One thing that has crossed my mind and stuck long enough for me to grab hold and examine it, though, is the American insistence that women shave their legs.

For some reason- I really have no idea why- the skin on my legs has suddenly become quite sensitive, and whenever I shave I get razor rash, which then gets infected in places and gets all nasty and red, like so:

This is quite annoying, because although it doesn't really hurt that much in the grand scheme of things, every time I shave it happens, and it doesn't heal up between shaves, so it kept getting worse. The obvious solution was to not shave my legs until they get better, so I decided not to. This was about two weeks ago. As the picture above illustrates, they got quite hairy for a while, until my husband expressed his intense discomfort. My hairy legs, he said, were unnatural.

This response is about what I expected, although I did hope that he would relent once I explained that I was just doing it so the oozing sores on my legs would heal up. No such luck. He's a good guy, mostly, but not a liberal hippie the way I am. Questioning everything about the status quo doesn't come naturally to him, and I guess women with hairy legs are so out of the ordinary these days that the average man sees it as unnatural.

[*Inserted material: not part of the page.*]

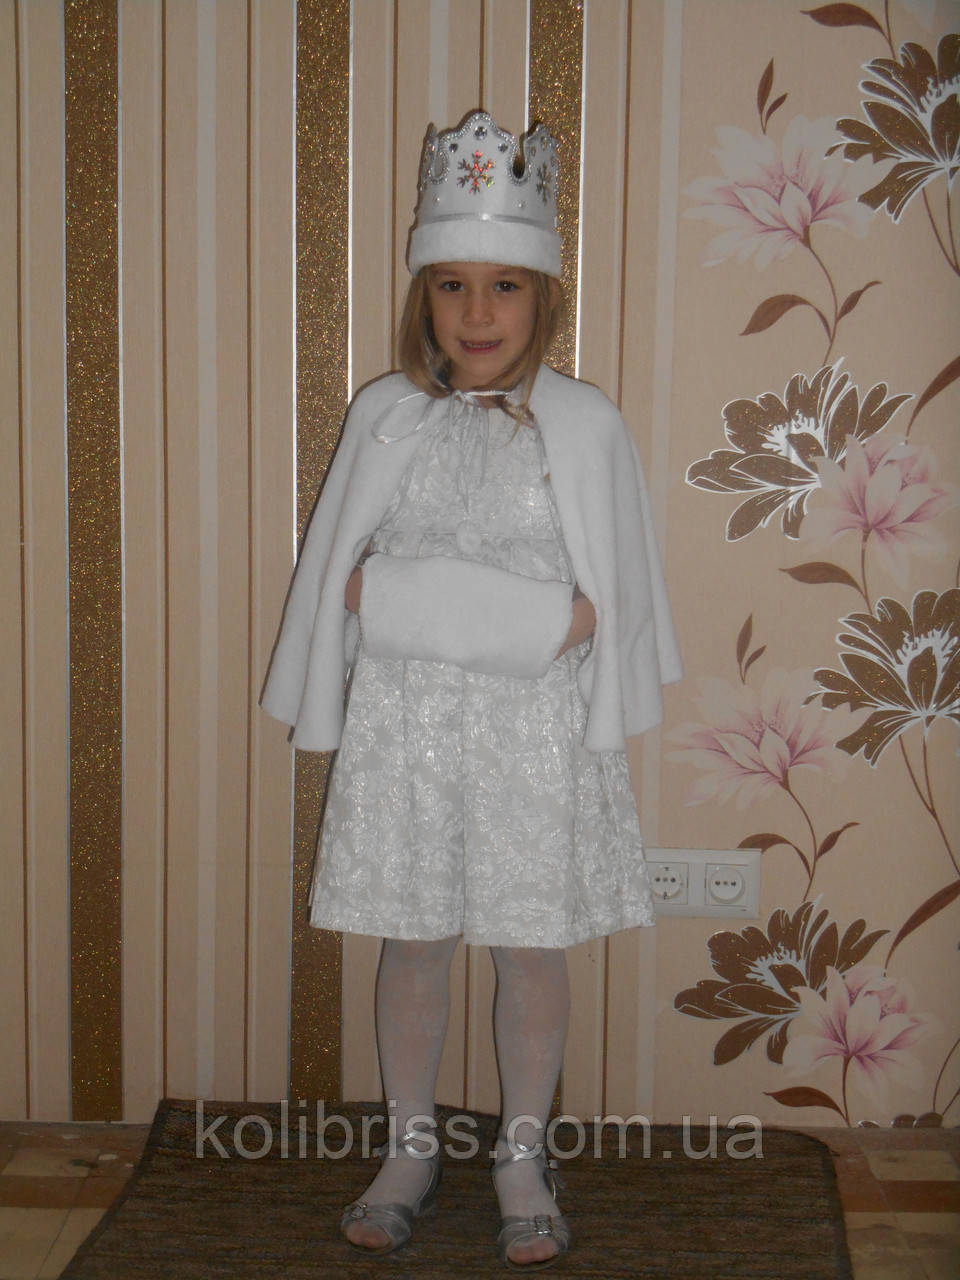 Костюм снегурочки в белом. Детский костюм снегурочка прокат Киев

So I shaved my legs again, so as not to cause a huge fuss.

It puzzles me that a society can get to this point, where the way things would be without outside influence is strange and offensive. People grow hair, it's in our genes; both women and men both, once they go through puberty, are naturally hairy. But if I grow out my leg hair, I'm not a normal American woman, I'm a freak, a butch dyke. When I complain about this in the hearing of my husband or other friends of mine who are male, they always come up with some variant of, well men who don't shave their faces are scary mountain men, so stop thinking you're especially persecuted. However, plenty of men grow out a beard at some point in their lives, just to see what it looks like. Growing a long flowing beard might make people look at you oddly, but men who do this are still men. They're not freaks, their sexuality isn't questioned.

I don't know of a single woman who has ever grown out her leg hair, just to see what it looks like. Even when I was in Africa with TMI, no one's leg hair grew out to it's full length; at one point a group of us girls grew our hair out long enough to wax it off, but mostly we all shaved at least a couple times a week. Even in Africa, we couldn't escape the cultural conditioning that says: body hair on women is disgusting. Its a curious disconnect from the way the world really is, and it puzzles me that more people don't sit back and ask why we do these things. Who decided that female body hair is so awful? Why do we all just sit back and agree to spend so much time and money shaving our skin so we look like infants?

It makes me wonder what other strange ideas might be hidden in my culture, what absurd assumptions lurk just beyond my detection.